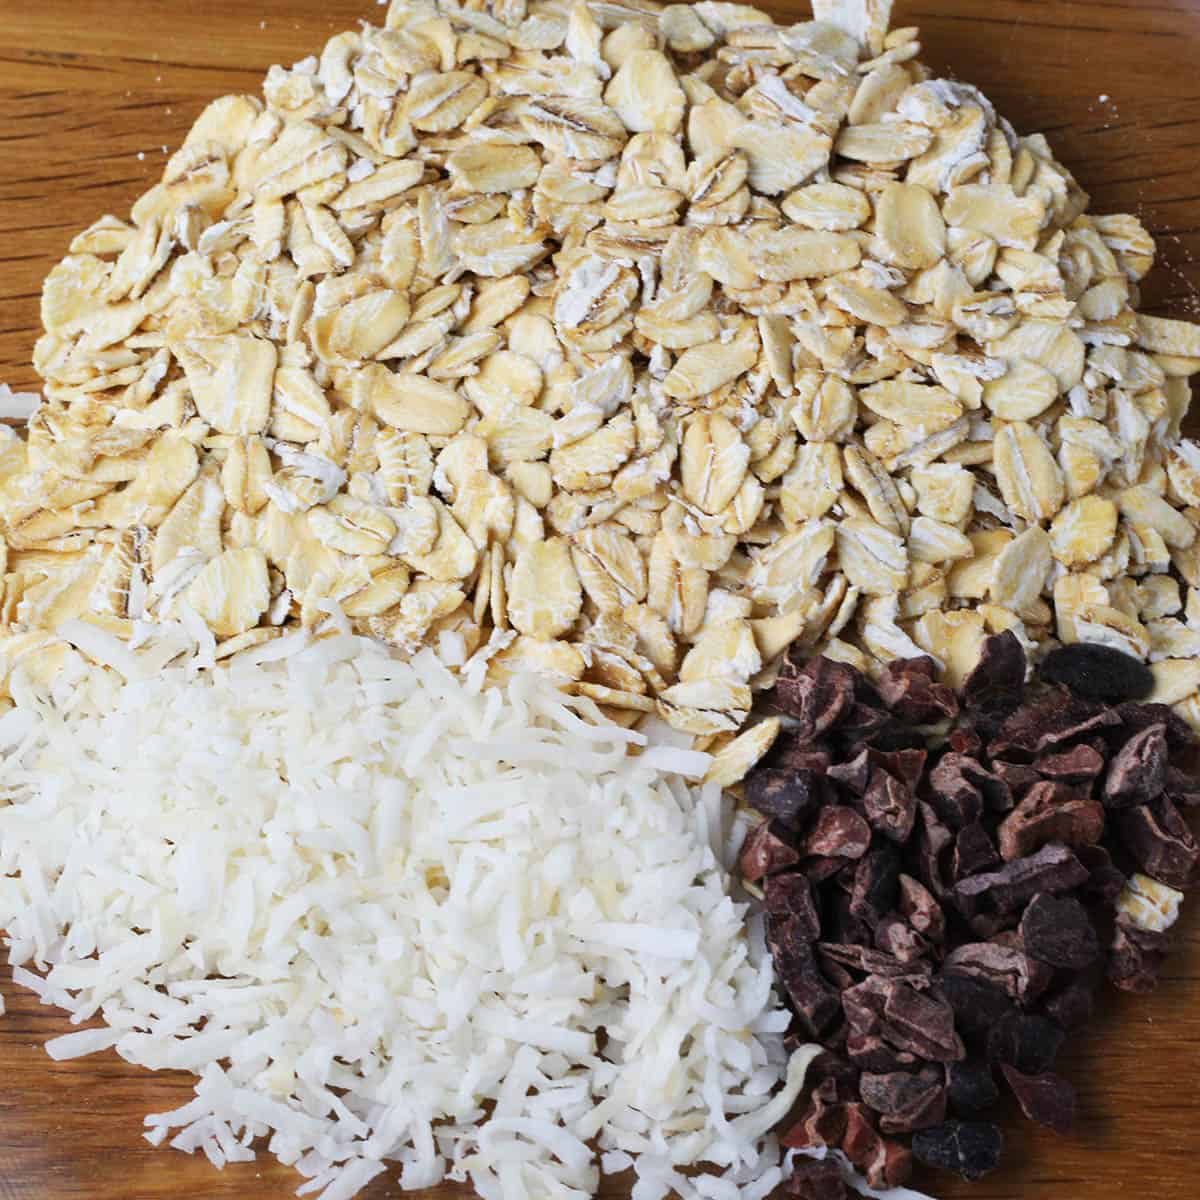 oats, shredded coconut, and cacao nibs on a wooden background and formed to shape a partitioned circle
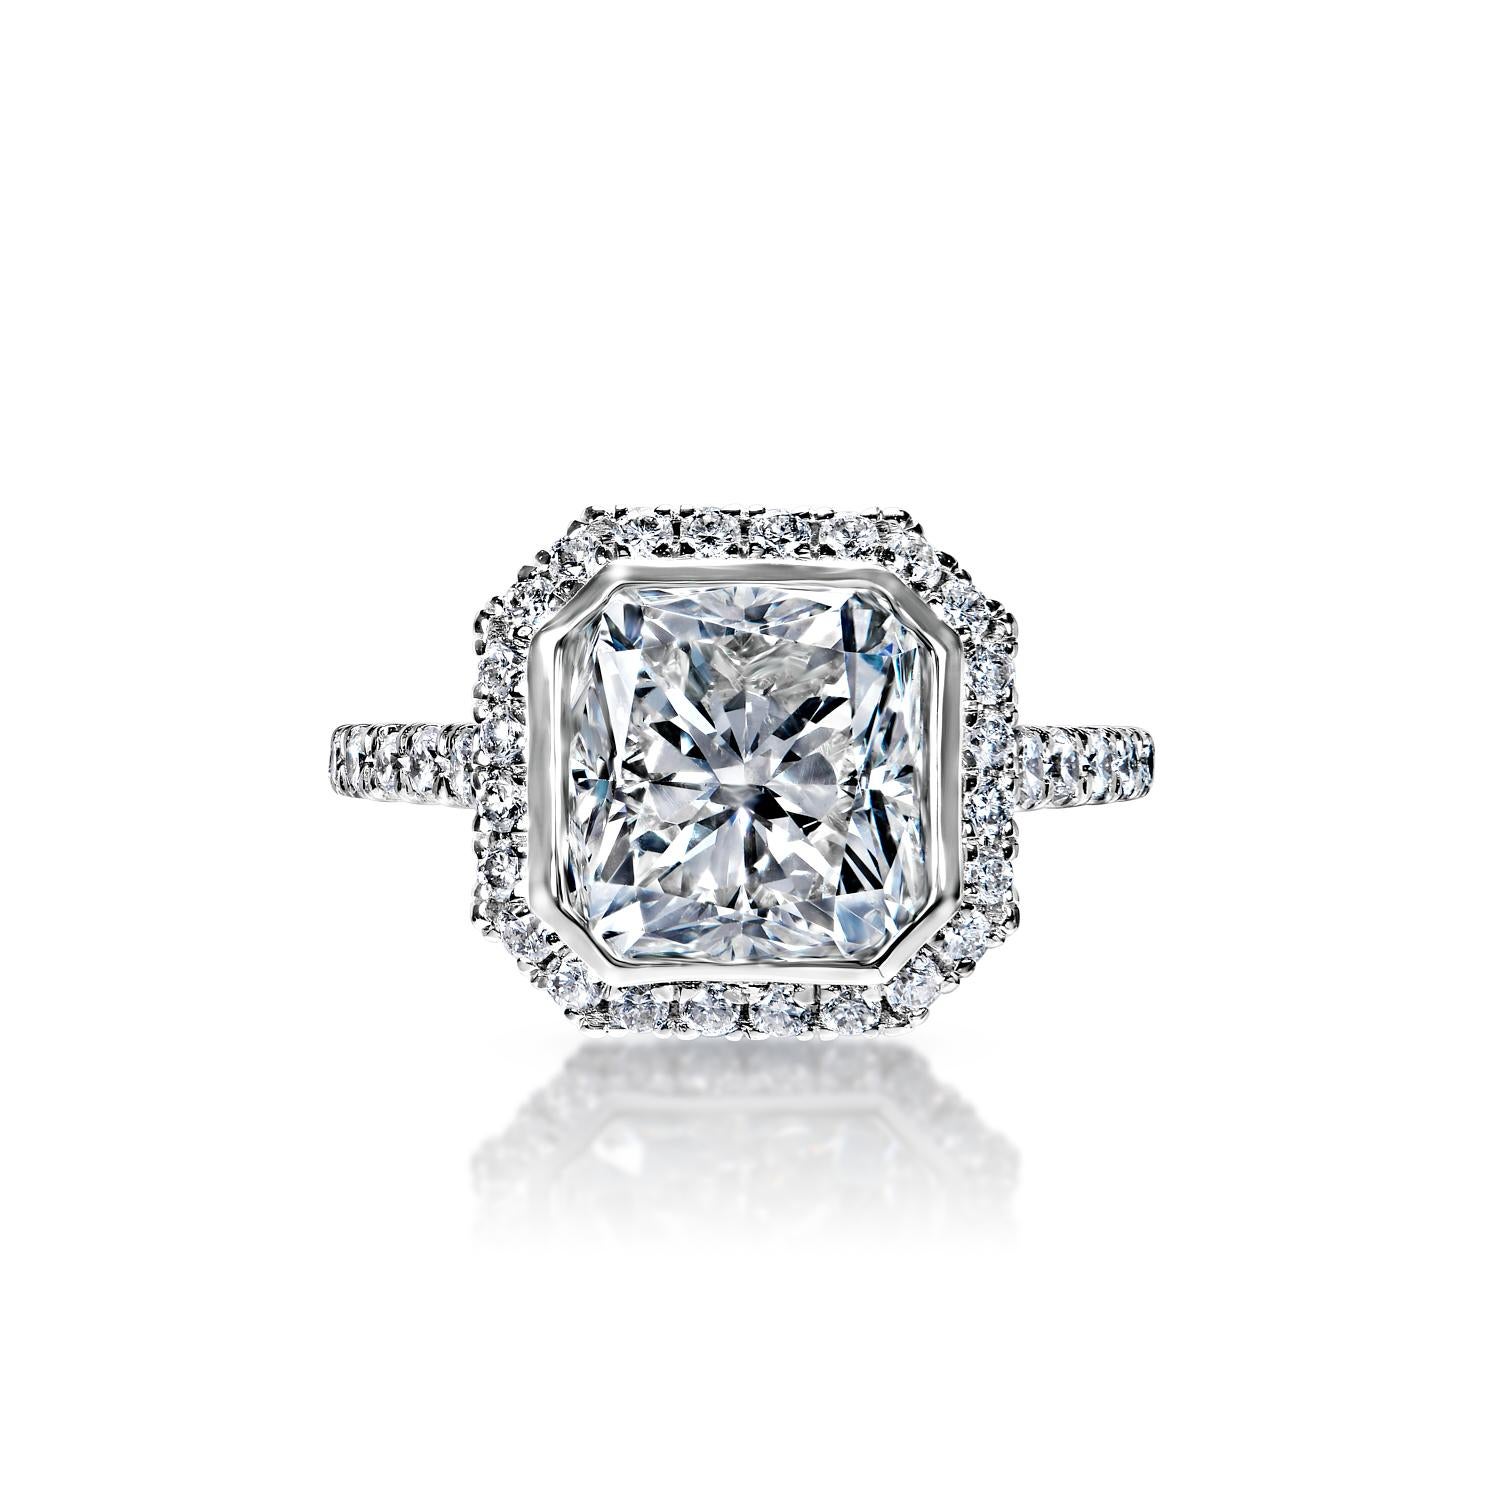 
Center Diamond:

Carat Weight: 4.07 Carats
Color : G
Clarity: VS2
Style: Cushion Cut
Feather Filled- Spl Care Req'd

Ring:
Settings: Halo, Bezel, Sidestone
Metal: 18k White Gold
Style: Round Brilliant Cut
Diamonds: 0.91 Carats
Size: Can be adjusted
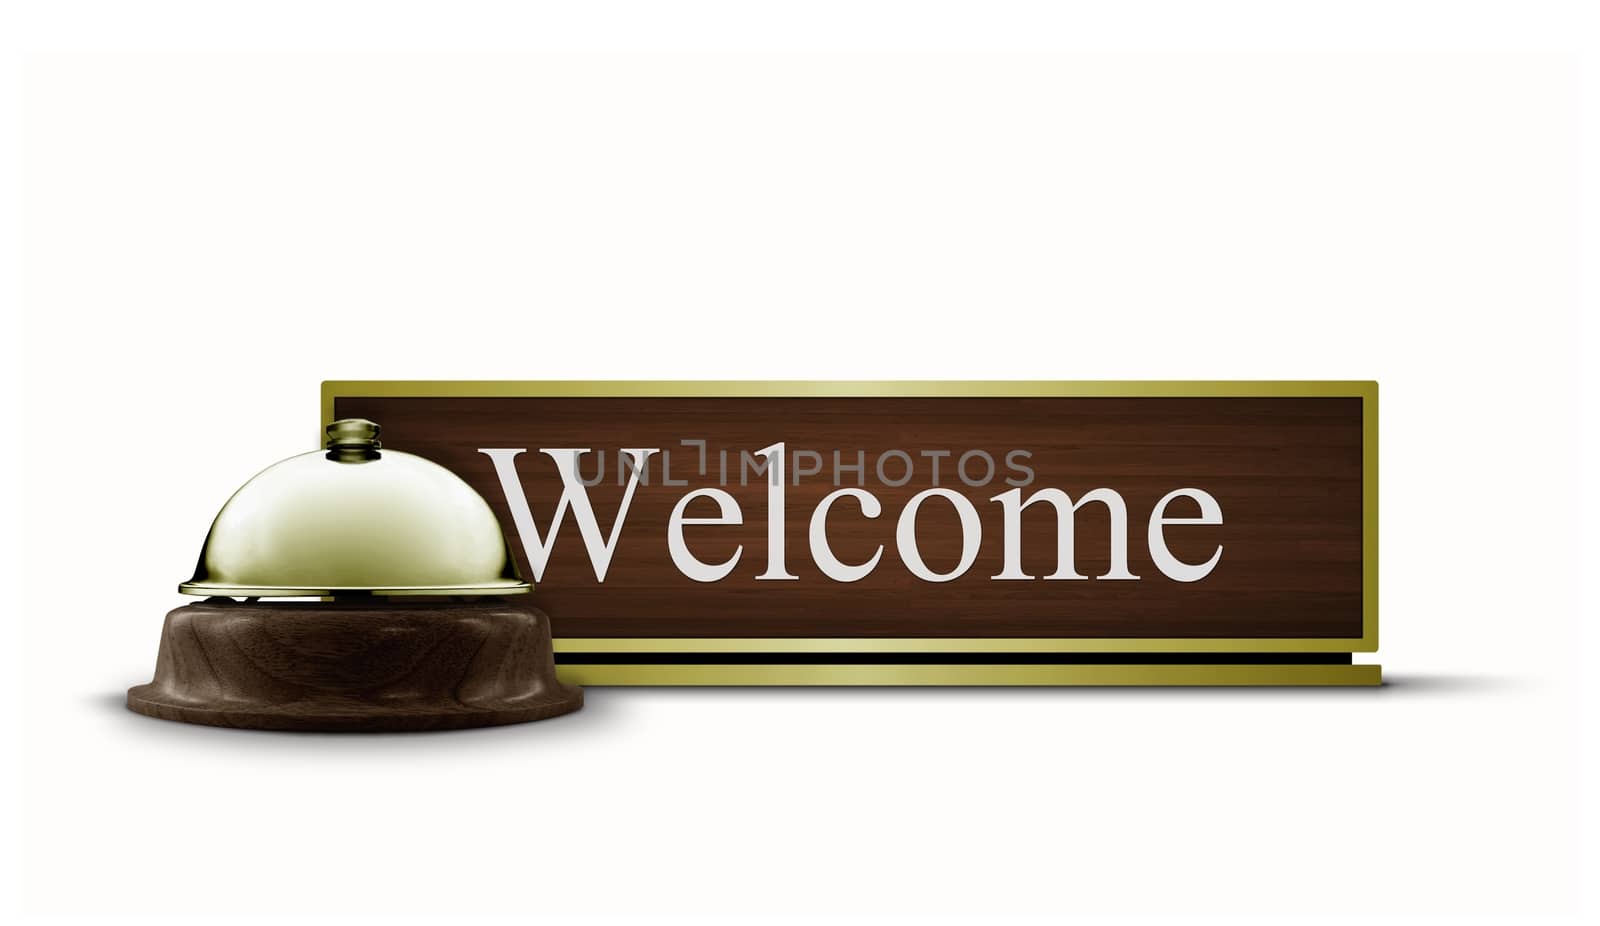 Welcome Desktop Sign and Service Bell by razihusin

Work instructions: Within the data above, filter for lines containing the word "Style" and copy each one.

Response to this task:
Style: Cushion Cut
Style: Round Brilliant Cut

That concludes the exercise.